%%

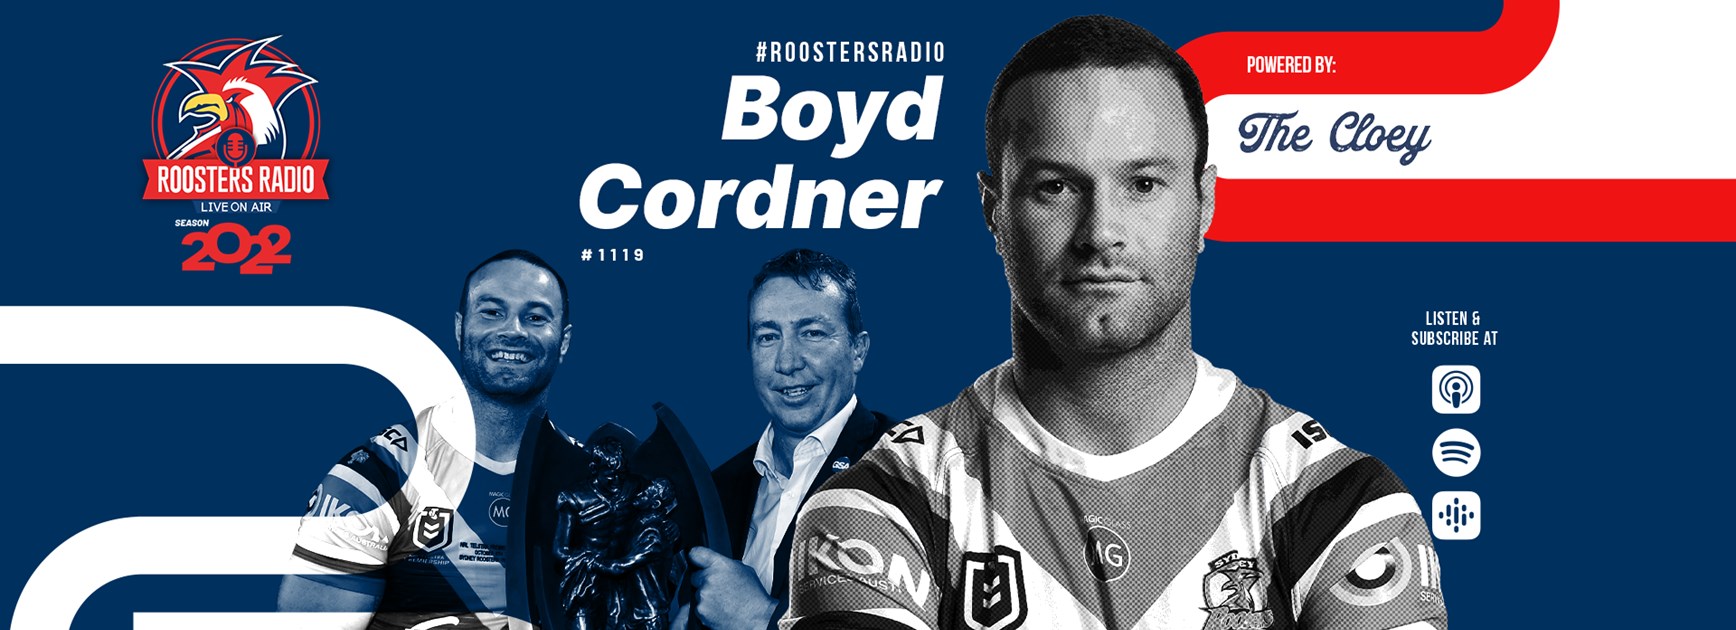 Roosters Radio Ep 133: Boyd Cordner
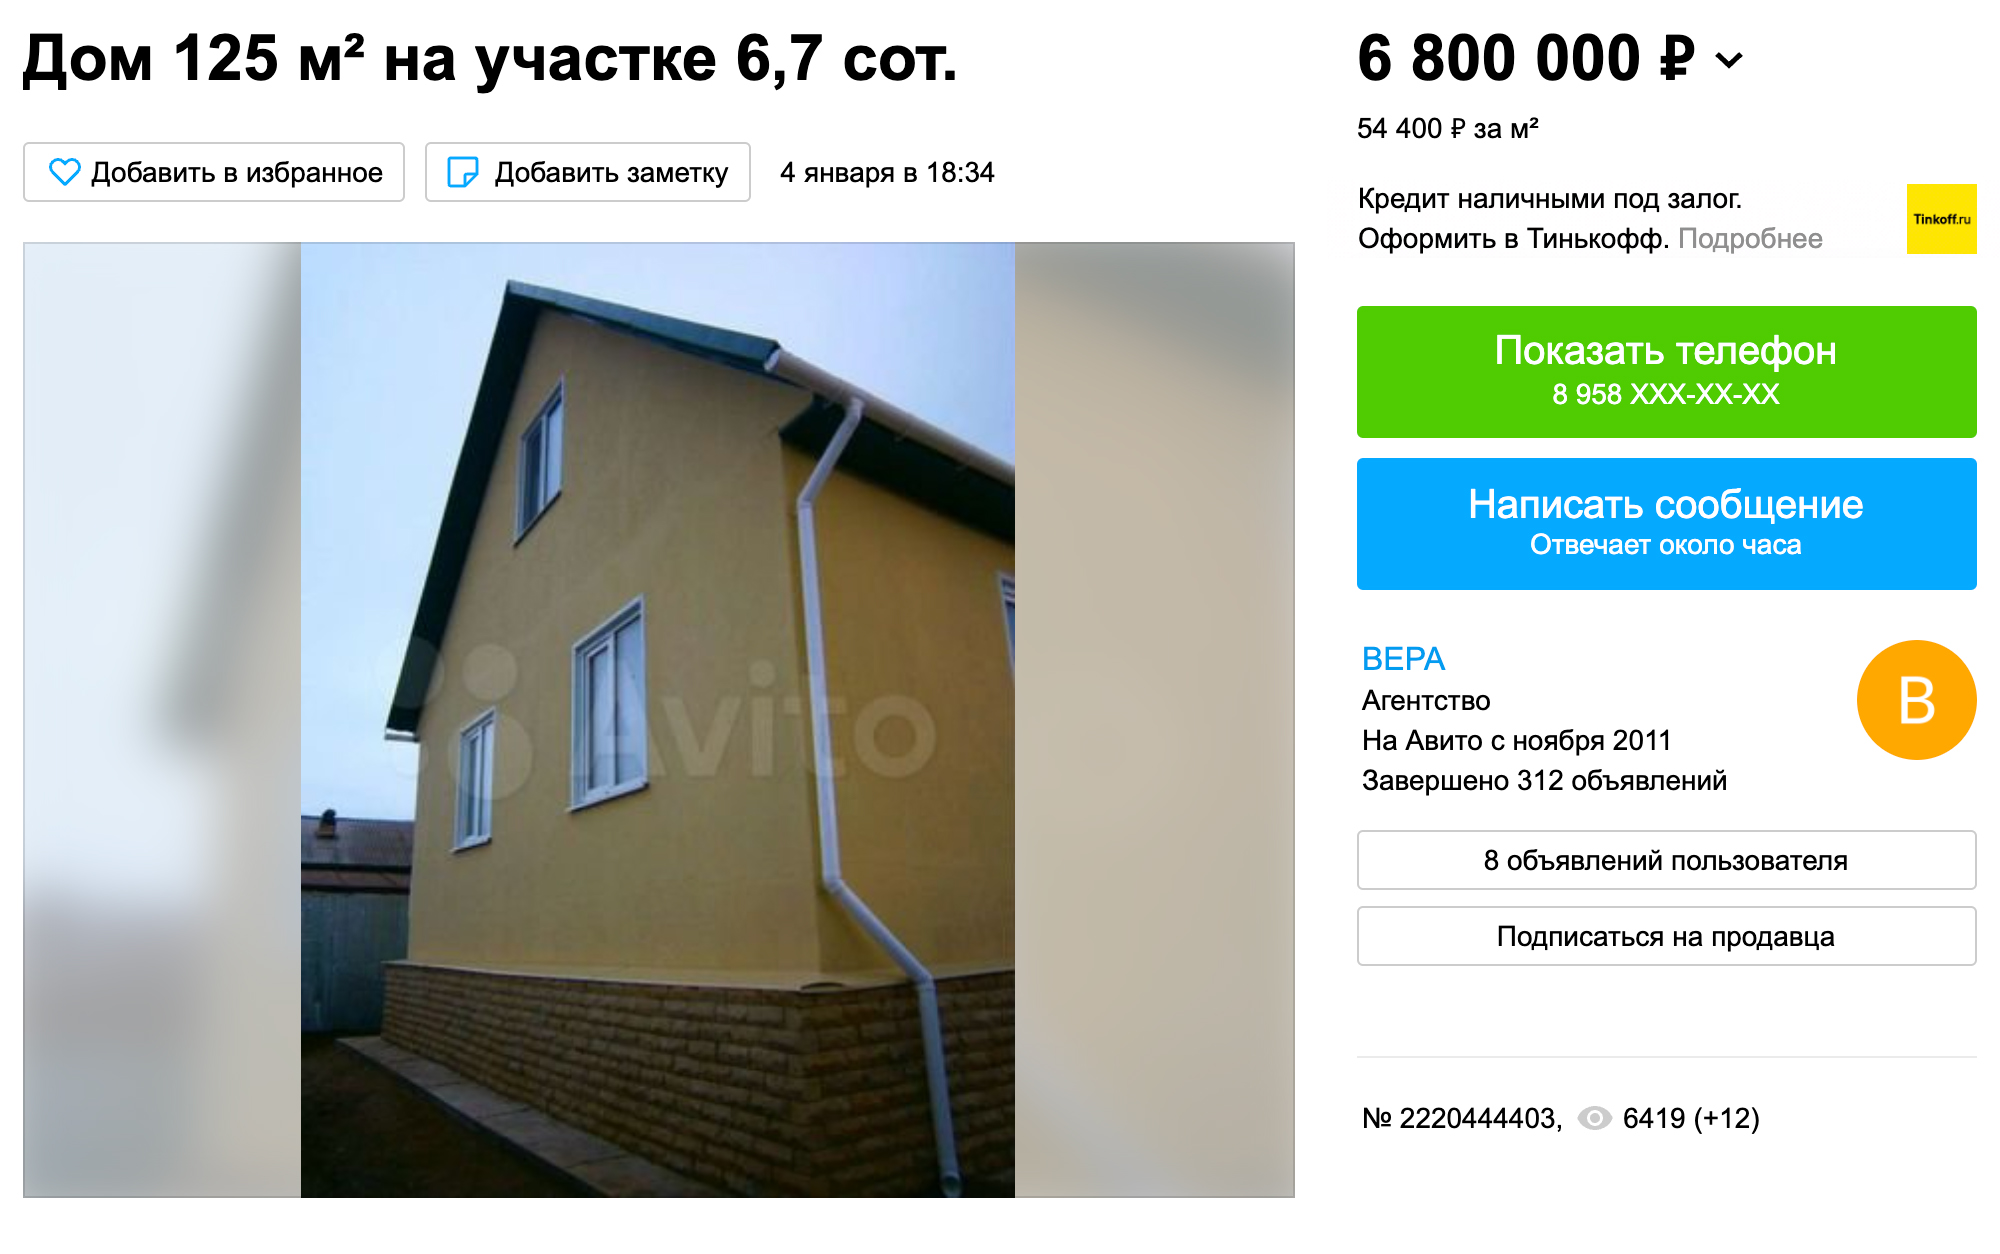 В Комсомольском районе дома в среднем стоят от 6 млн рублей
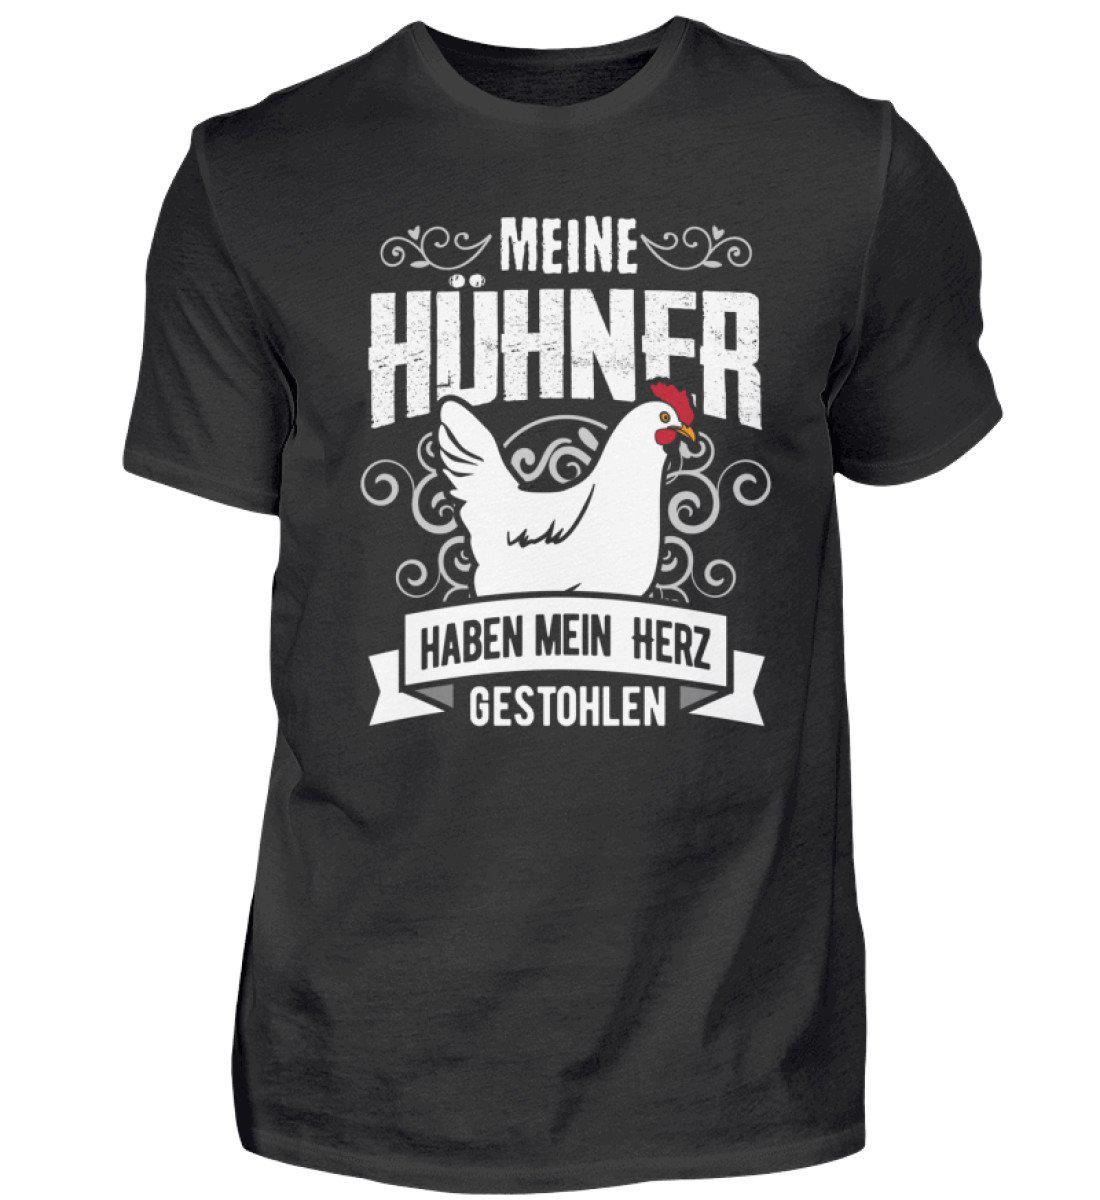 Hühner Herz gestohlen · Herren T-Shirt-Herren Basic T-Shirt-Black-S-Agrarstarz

%%
%%

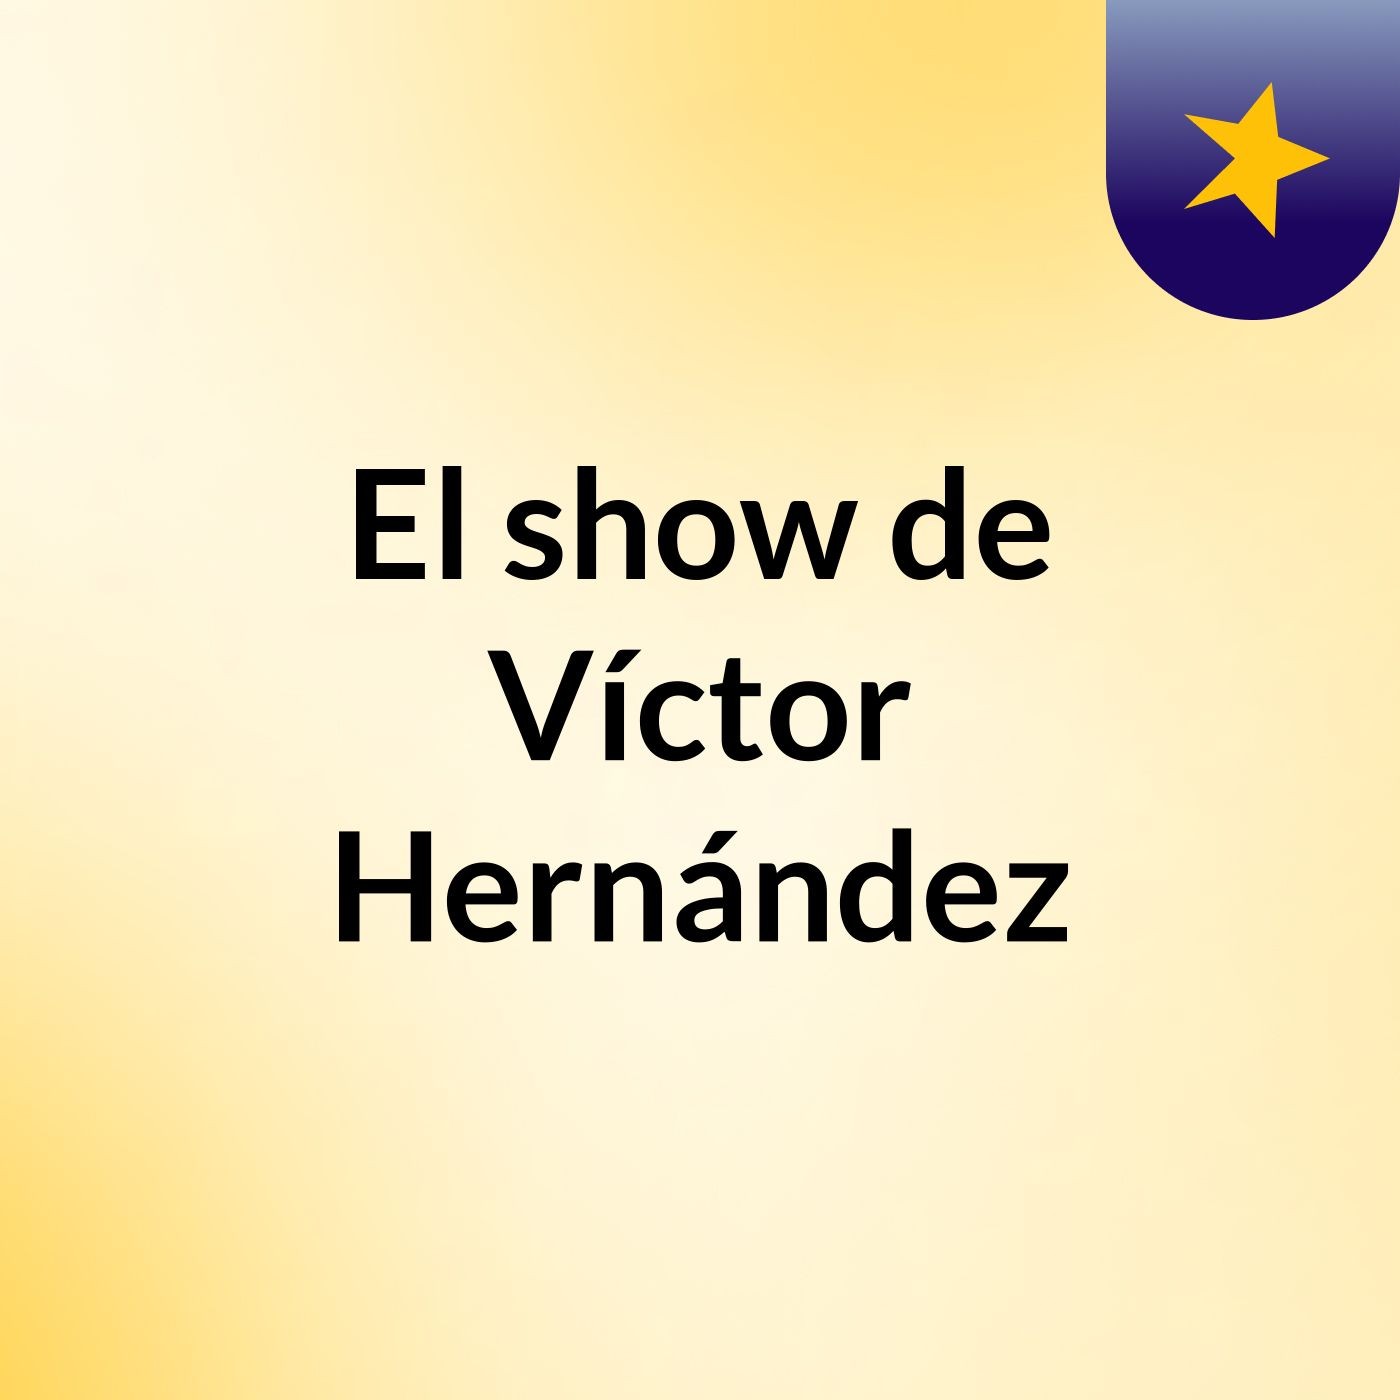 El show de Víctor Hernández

%%

- _Work task_: Leave the pictures out. Output, exactly, the lines of the material above starting at the line containing "Roosters Radio Ep 133: Boyd Cordner" and ending at the line containing "Hühner Herz gestohlen".

- _Solution to this task_:
 Roosters Radio Ep 133: Boyd Cordner
 В Комсомольском районе дома в среднем стоят от 6 млн рублей
 Hühner Herz gestohlen · Herren T-Shirt-Herren Basic T-Shirt-Black-S-Agrarstarz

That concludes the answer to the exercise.